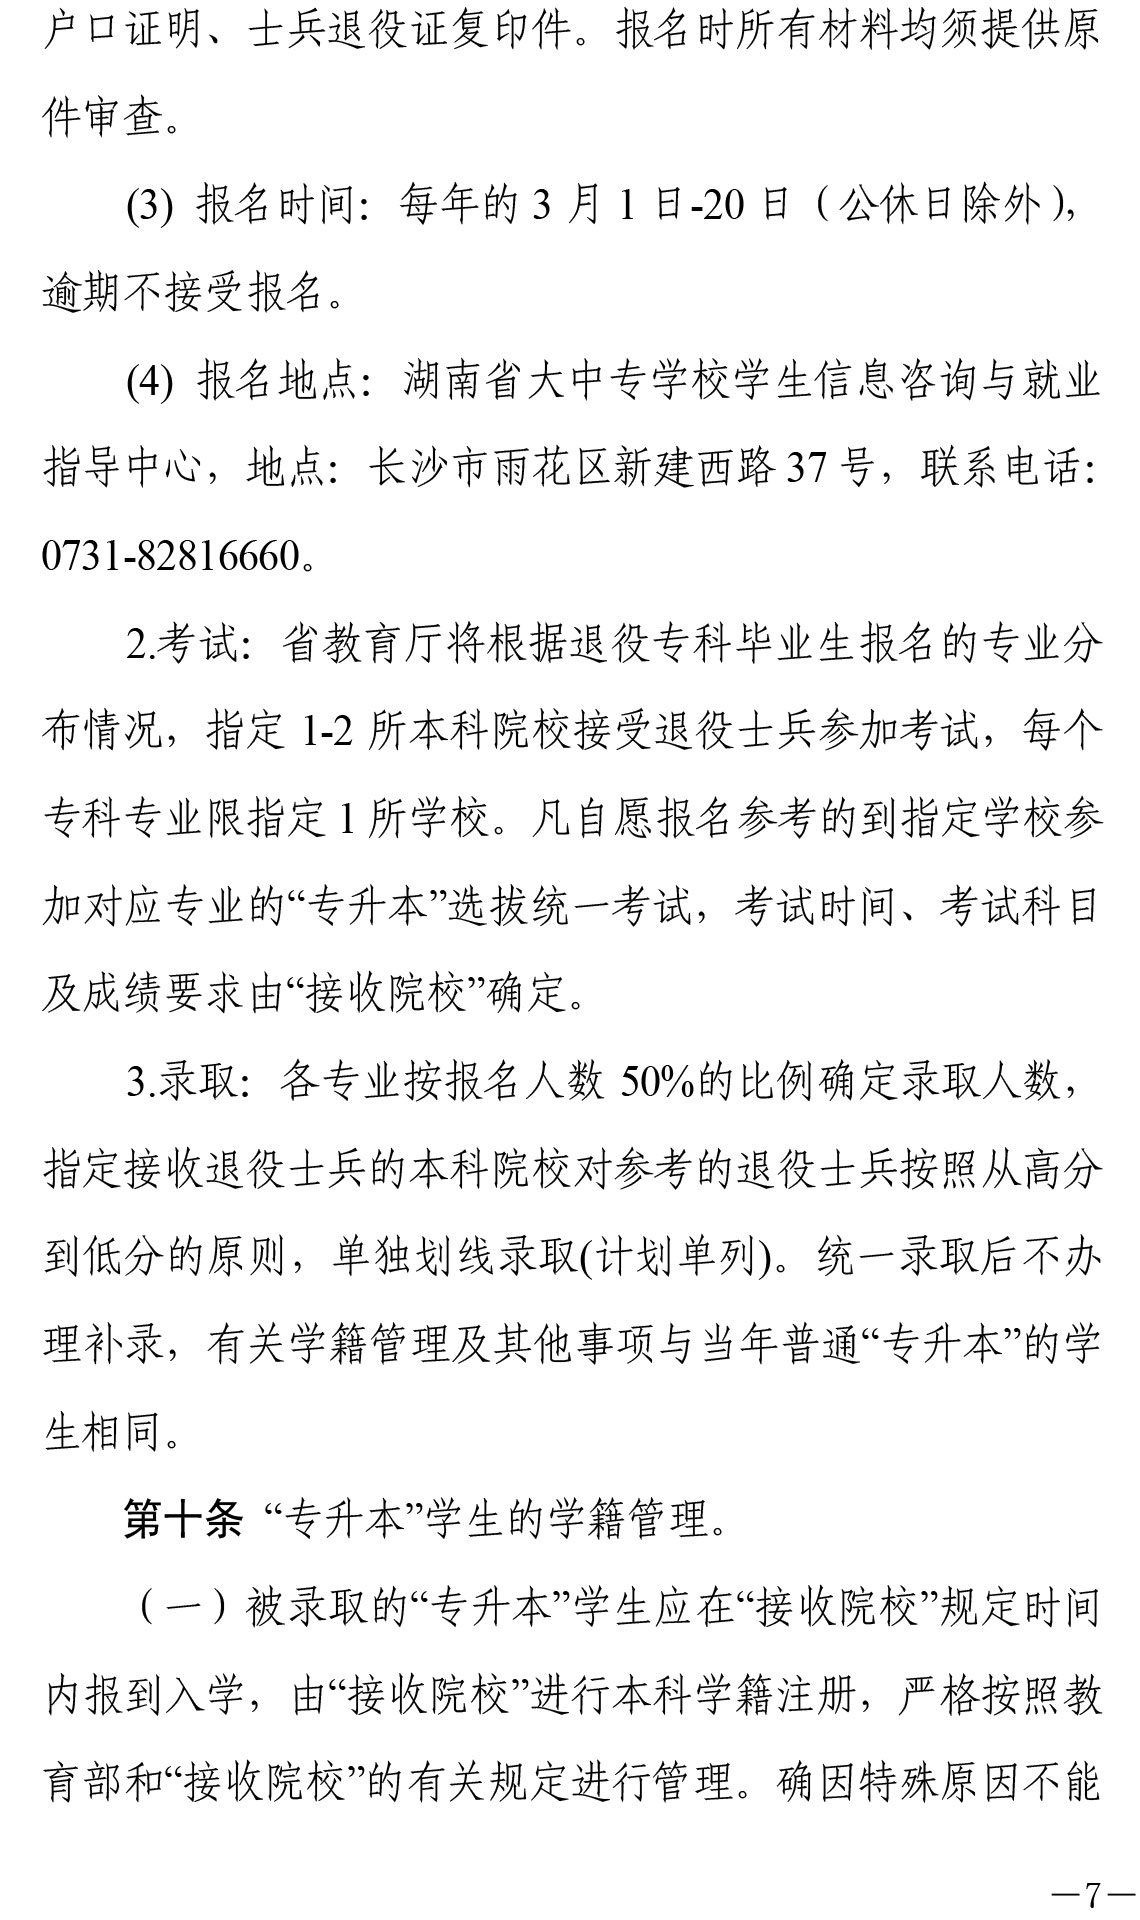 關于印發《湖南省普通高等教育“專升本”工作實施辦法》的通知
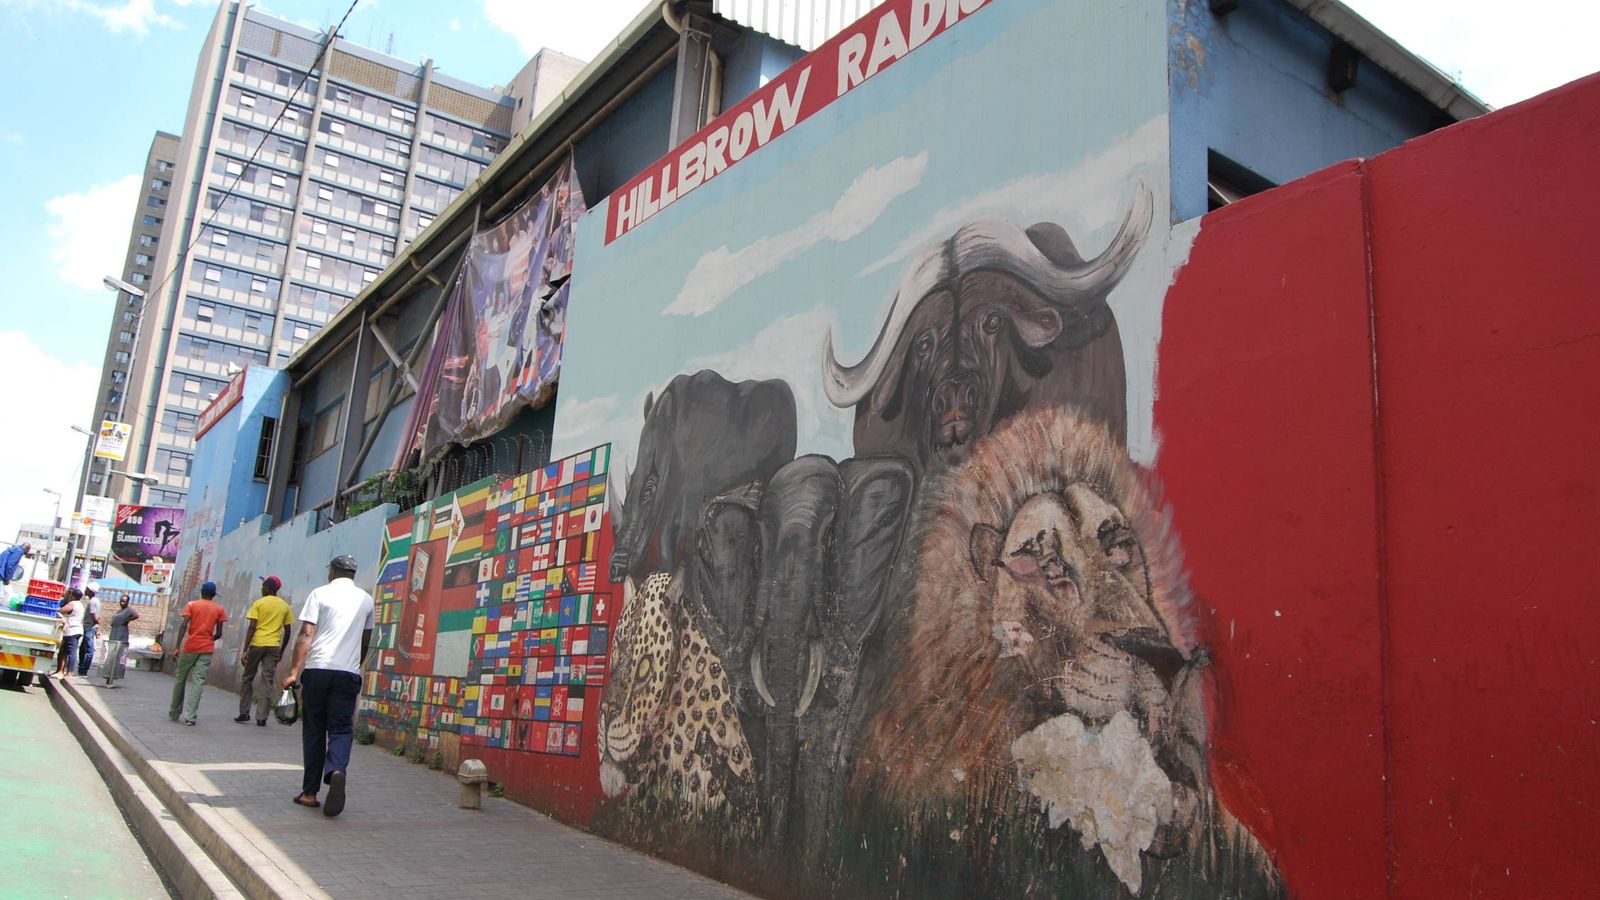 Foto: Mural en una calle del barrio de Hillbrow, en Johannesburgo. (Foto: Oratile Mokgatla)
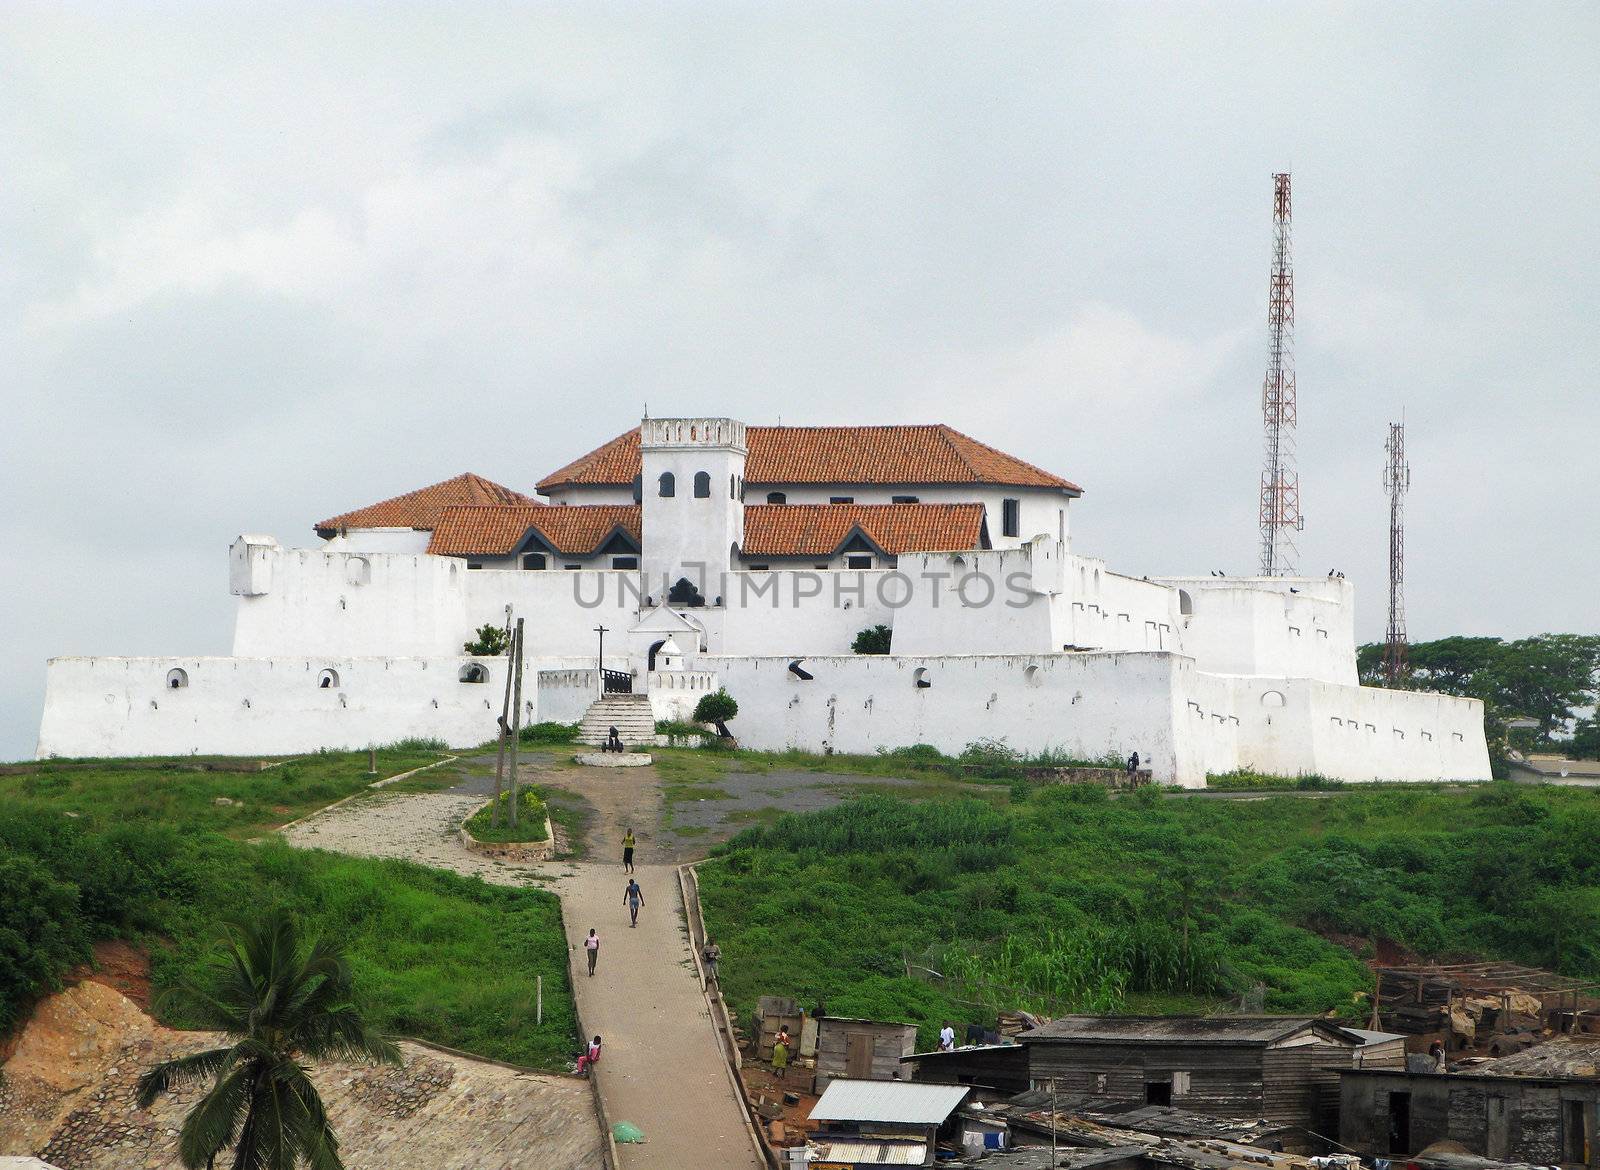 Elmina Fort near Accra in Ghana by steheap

What the task requires:
Reproduce the lines above exactly, please, but not the pictures in them.

Task response:
 關于印發《湖南省普通高等教育“專升本”工作實施辦法》的通知
 Foto: Mural en una calle del barrio de Hillbrow, en Johannesburgo. (Foto: Oratile Mokgatla)
 Elmina Fort near Accra in Ghana by steheap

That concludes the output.